Most folks are about as happy as they make up their minds to be
abraham lincoln
The problem unfortunately for MLT in this case is the choice of words used in the query. The top hit for BERT nails it, but MLT missed it because it is looking for the terms “minds” or “make” but saw “mind” and “makes”. Its own top hit got totally taken in by the phrase “make up their minds” – a complete match with the query. Applying a stemmer may have helped MLT to catch BERT’s top hit. For its second hit, MLT may have gotten side-tracked by a possibly rare word like “folks” and the phrase “make up” of all things as this quote is certainly not about dressing up!
But based on the above two examples, it would be premature to think that BERT has dealt a death blow to traditional one-hot word vectors. Take this final example for instance.
fortune sides with him who dares
virgil
The word dares is likely a rare word in the repo and MLT does very well sticking to it and perhaps the overall phrase who dares. BERT on the other hand thinks (logically, we might add) dares is related to passion, disaster etc… and finds very different matches. That is generally the problem with overthinking someone might say – an unkind cut against BERT.
5. Conclusions
We have shown that we can obtain semantic search results at scale with Elasticsearch. This is made possible with the advent of tools like BERT, bert-as-service, and of course support for dense vector manipulations in Elasticsearch. The quality of the semantic search results will depend on the nature of documents in the index and whether semantics are important in those documents. Semantics is important in most free flowing text and speech, unless perhaps if you are talking equations! That takes us to this final quote before we close.

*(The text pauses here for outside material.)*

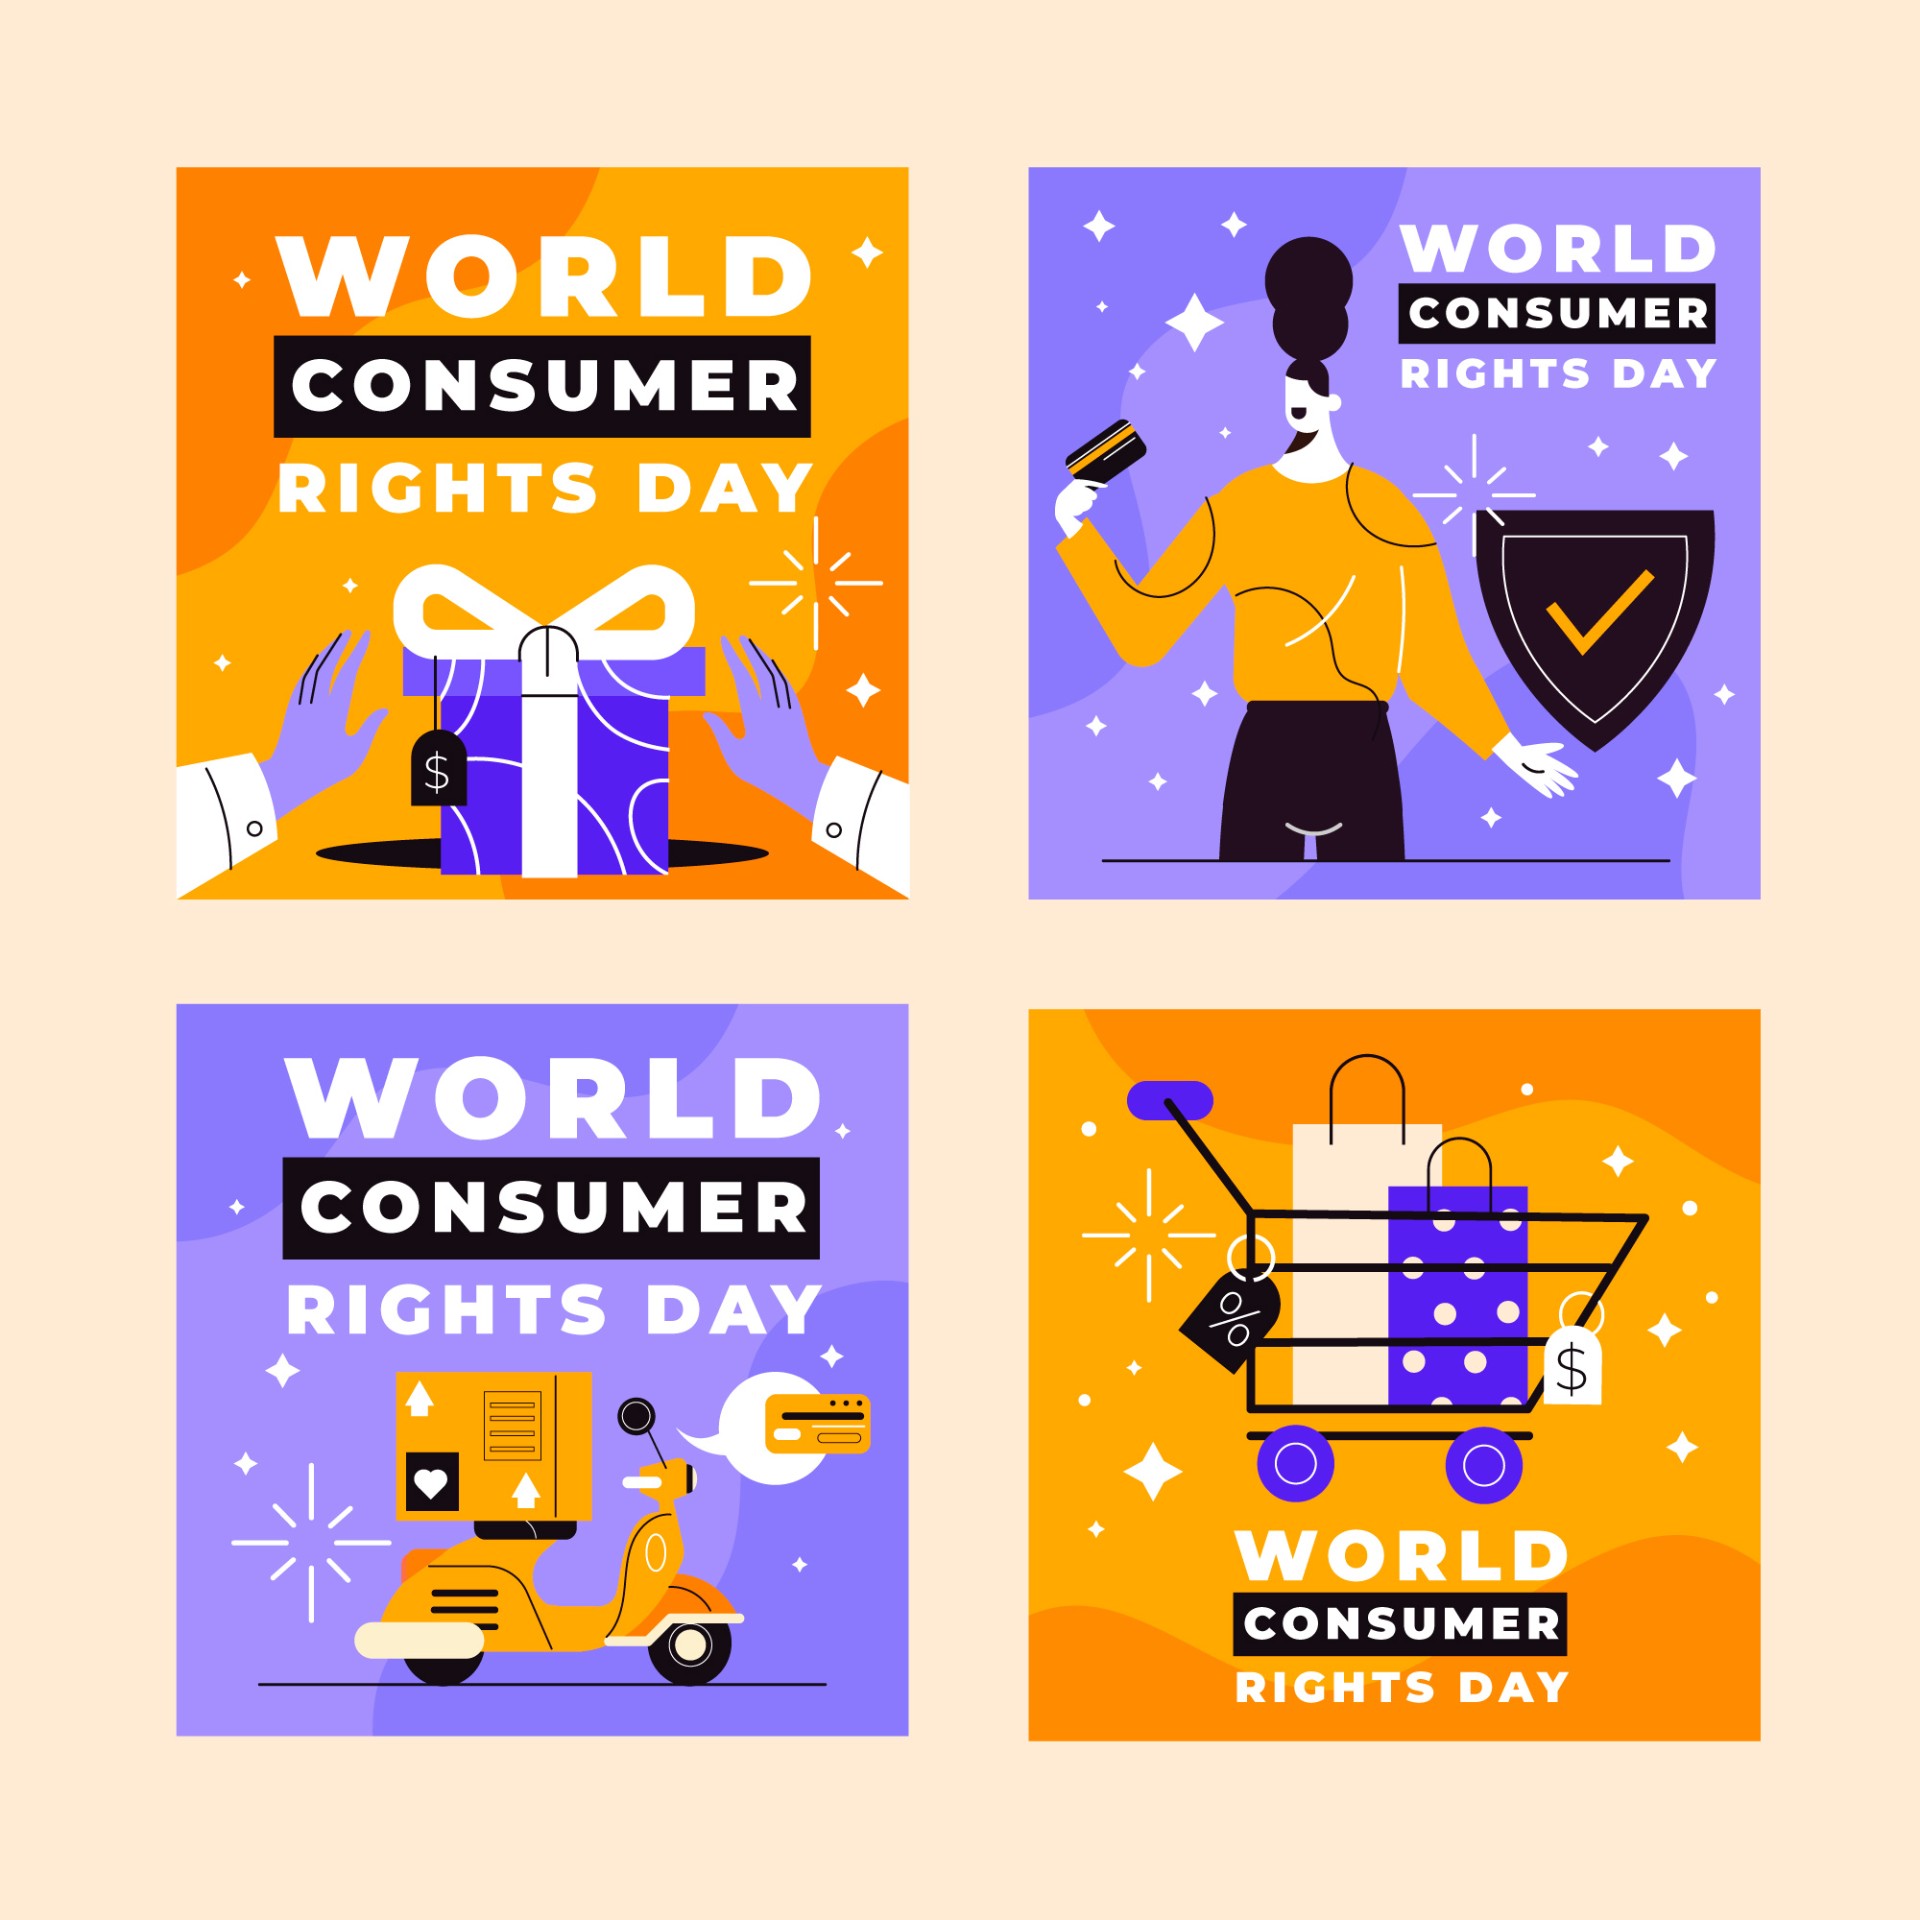 世界消费者权益日帖子模板0

One reason math texts are so abstruse and technical is because of all the specifications and conditions that have to be put on theorems to keep them out of crevasses. In this sense, they’re like legal documents, and often about as much fun to read.
david edgar wallace
So there may be some dry text out there with no semantics or a play on words, but few would ever want read it much less search for it. So there we go – any search worthy text will have semantically related documents.
To summarize:
- We have seen that Elasticsearch, augmented with BERT vectors can pull out semantically related results from a document repo
- Sticking to the actual keywords is sometimes the right thing to do instead of trying to find relations as BERT does with its vectors. Keyword based search has an upper hand in such cases.
- With the keyword based results, we can readily explain why a result rose to the top. There is even an explain api to dig through the details of how the relevance score has been obtained. This is a clear plus for the keyword based approach.
- With BERT driven semantic results, there is little insight into why a result came out on top or did not make it. It is the dense vectors that determine the relevancy score. Who knows what all parameters went into coming up with those dense vectors… besides there are 110 million of them for crying out loud!
So are we ready to replace the traditional keyword based results with these semantic ones? No. But there is perhaps no harm in augmenting them and letting the end users vote!